Despite that the segment anything model (SAM) achieved impressive results on general-purpose semantic segmentation with strong generalization ability on daily images, its demonstrated performance on medical image segmentation is less precise and unstable, especially when dealing with tumor segmentation tasks that involve objects of small sizes, irregular shapes, and low contrast. Notably, the original SAM architecture is designed for 2D natural images and, therefore would not be able to extract the 3D spatial information from volumetric medical data effectively.
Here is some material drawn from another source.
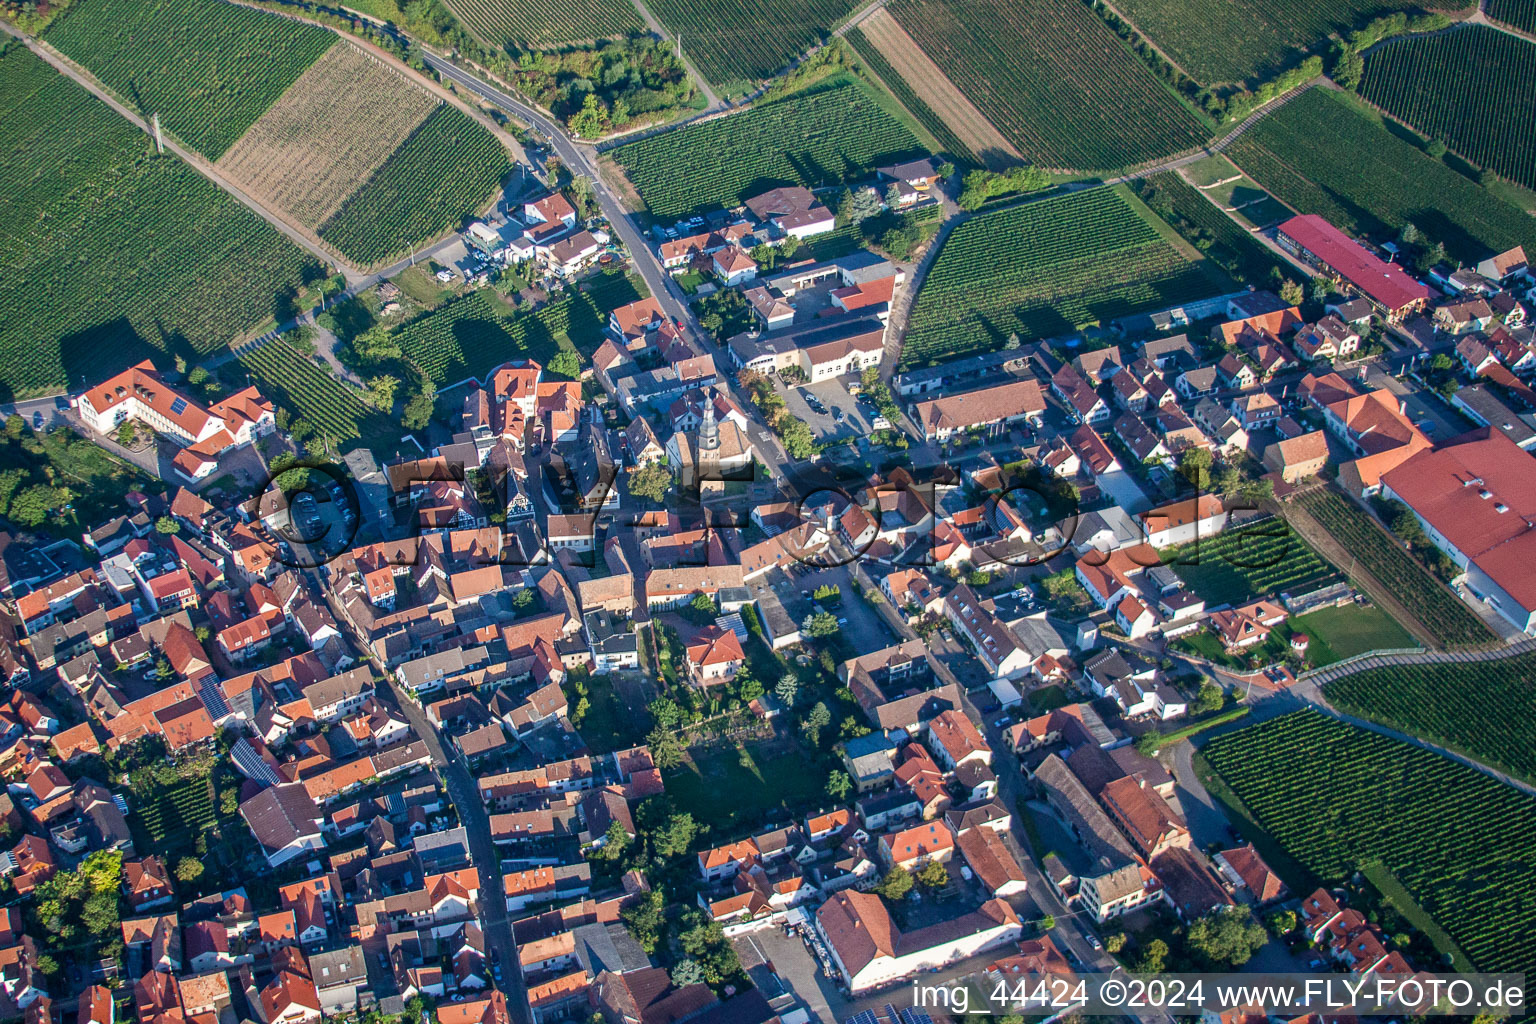 Aerial view of Village - view on the edge of agricultural fields and farmland in Kallstadt in the state Rhineland-Palatinate, Germany

In this paper, we propose a novel adaptation method for transferring SAM from 2D to 3D for promptable medical image segmentation. Through a holistically designed scheme for architecture modification, we transfer the SAM to support volumetric inputs while retaining the majority of its pre-trained parameters for reuse. The fine-tuning process is conducted in a parameter-efficient manner, wherein most of the pre-trained parameters remain frozen, and only a few lightweight spatial adapters are introduced and tuned. Regardless of the domain gap between natural and medical data and the disparity in the spatial arrangement between 2D and 3D, the transformer trained on natural images can effectively capture the spatial patterns present in volumetric medical images with only lightweight adaptations. We conduct experiments on four open-source tumor segmentation datasets, and with a single click prompt, our model can outperform domain state-of-the-art medical image segmentation models and interactive segmentation models. We also compared our adaptation method with existing popular adapters and observed significant performance improvement on most datasets. Our code and models are available at: https://github.com/med-air/3DSAM-adapter

查看原文本刊更多论文

3DSAM-adapter：从二维到三维的 SAM 整体适配，可及时进行肿瘤分割

尽管segment anything model（SAM）在通用语义分割方面取得了令人印象深刻的成果，对日常图像具有很强的泛化能力，但其在医学图像分割方面的表现却不够精确且不稳定，尤其是在处理涉及小尺寸、不规则形状和低对比度物体的肿瘤分割任务时。值得注意的是，最初的 SAM 架构是针对二维自然图像设计的，因此无法从体积医学数据中有效提取三维空间信息。在本文中，我们提出了一种新颖的适应方法，将 SAM 从二维转为三维，用于可提示的医学图像分割。通过整体设计的架构修改方案，我们将 SAM 转移到支持体积输入，同时保留其大部分预训练参数以供重复使用。微调过程以参数高效的方式进行，其中大部分预训练参数保持不变，只引入和调整了少量轻量级空间适配器。无论自然数据和医学数据之间存在多大的领域差距，也无论二维和三维之间在空间排列上存在多大的差异，在自然图像上训练的变换器只需轻量级的适配就能有效捕捉容积医学图像中存在的空间模式。我们在四个开源肿瘤分割数据集上进行了实验，只需单击提示，我们的模型就能超越领域内最先进的医学图像分割模型和交互式分割模型。我们还将我们的适配方法与现有的流行适配器进行了比较，并观察到在大多数数据集上性能都有显著提高。我们的代码和模型可在以下网址获取： https://github.com/med-air/3DSAM-adapter

本文章由计算机程序翻译，如有差异，请以英文原文为准。

求助全文

约1分钟内获得全文求助全文

来源期刊

Medical image analysis 工程技术-工程：生物医学

CiteScore

22.10

自引率

6.40%

发文量

309

审稿时长

6.6 months

期刊介绍： Medical Image Analysis serves as a platform for sharing new research findings in the realm of medical and biological image analysis, with a focus on applications of computer vision, virtual reality, and robotics to biomedical imaging challenges. The journal prioritizes the publication of high-quality, original papers contributing to the fundamental science of processing, analyzing, and utilizing medical and biological images. It welcomes approaches utilizing biomedical image datasets across all spatial scales, from molecular/cellular imaging to tissue/organ imaging.